Run the following setup cell to load your API key and establish the `get_completion` helper function.

In [2]:
# Import python's built-in regular expression library
import re
import anthropic

# Retrieve the API_KEY & MODEL_NAME variables from the IPython store
%store -r API_KEY
%store -r MODEL_NAME

client = anthropic.Anthropic(api_key=API_KEY)

def get_completion(prompt: str, system_prompt="", prefill=""):
    message = client.messages.create(
        model=MODEL_NAME,
        max_tokens=2000,
        temperature=0.0,
        system=system_prompt,
        messages=[
          {"role": "user", "content": prompt},
          {"role": "assistant", "content": prefill}
        ]
    )
    return message.content[0].text

---

## Lesson

If someone woke you up and immediately started asking you several complicated questions that you had to respond to right away, how would you do? Probably not as good as if you were given time to **think through your response first**. 

Guess what? Claude is the same way.

**Giving Claude time to think step by step sometimes makes Claude more accurate**, particularly for complex tasks. However, **thinking only counts when it's out loud**. You cannot ask Claude to think but output only the response - in this case, no thinking has actually occurred.

### Examples

In the prompt below, it's clear to a human reader that the second sentence belies the first. But **Claude takes the word "unrelated" too literally**.

In [2]:
# Prompt
PROMPT = """Is this movie review sentiment positive or negative?

This movie blew my mind with its freshness and originality. In totally unrelated news, I have been living under a rock since the year 1900."""

# Print Claude's response
print(get_completion(PROMPT))

The sentiment of this movie review is clearly positive. The reviewer expresses that the movie "blew my mind" due to its "freshness and originality," which are generally considered positive attributes for a film.

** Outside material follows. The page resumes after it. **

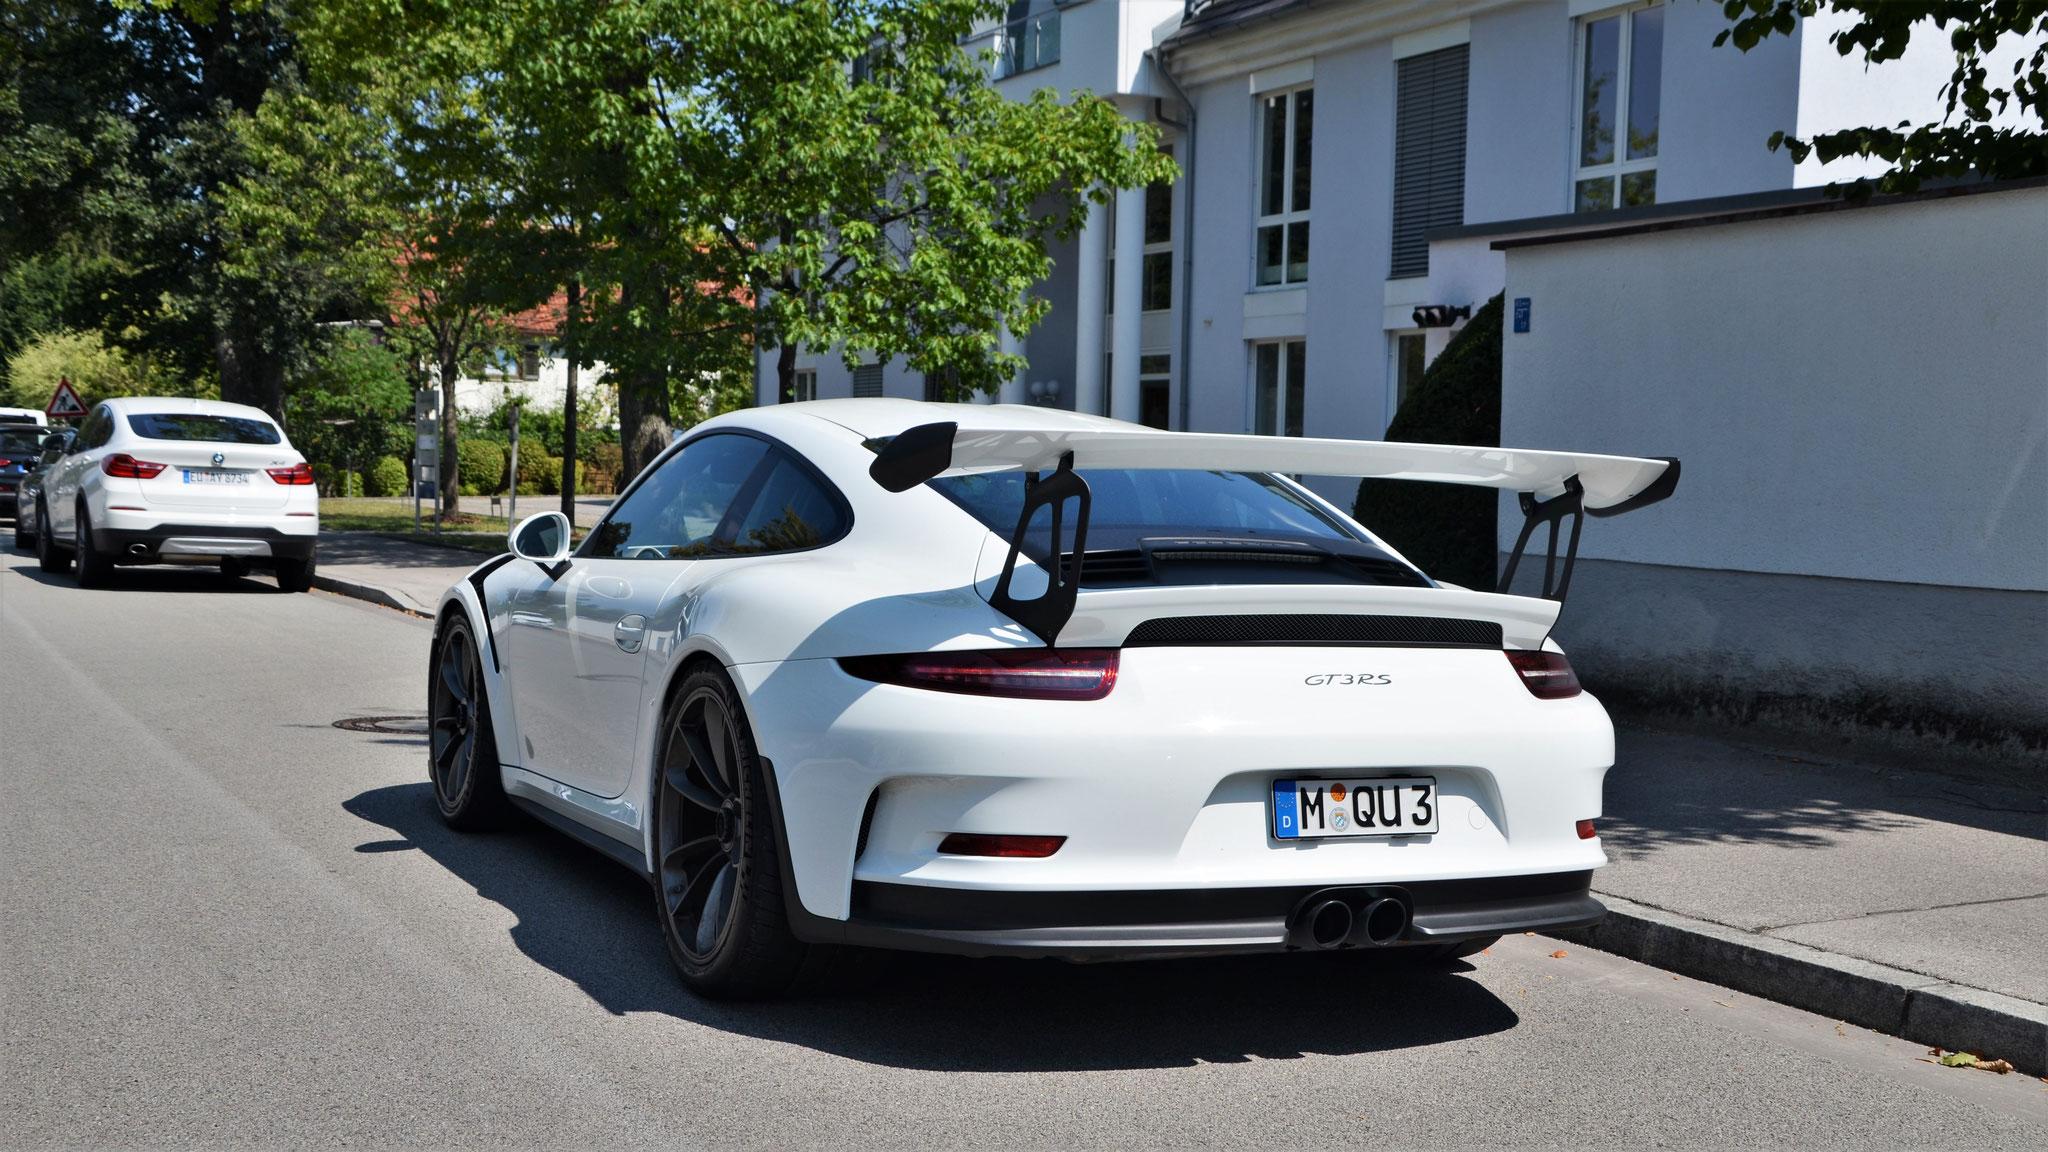 Porsche 911 GT3 RS - M-QU-3

However, the second part of the statement, "In totally unrelated news, I have been living under a rock since the year 1900," seems like an exaggeration or joke, possibly indicating that the reviewer was so impressed by the movie's originality that they feel out of touch with current trends or expectations. Despite this humorous aside, the overall sentiment towards the movie remains positive.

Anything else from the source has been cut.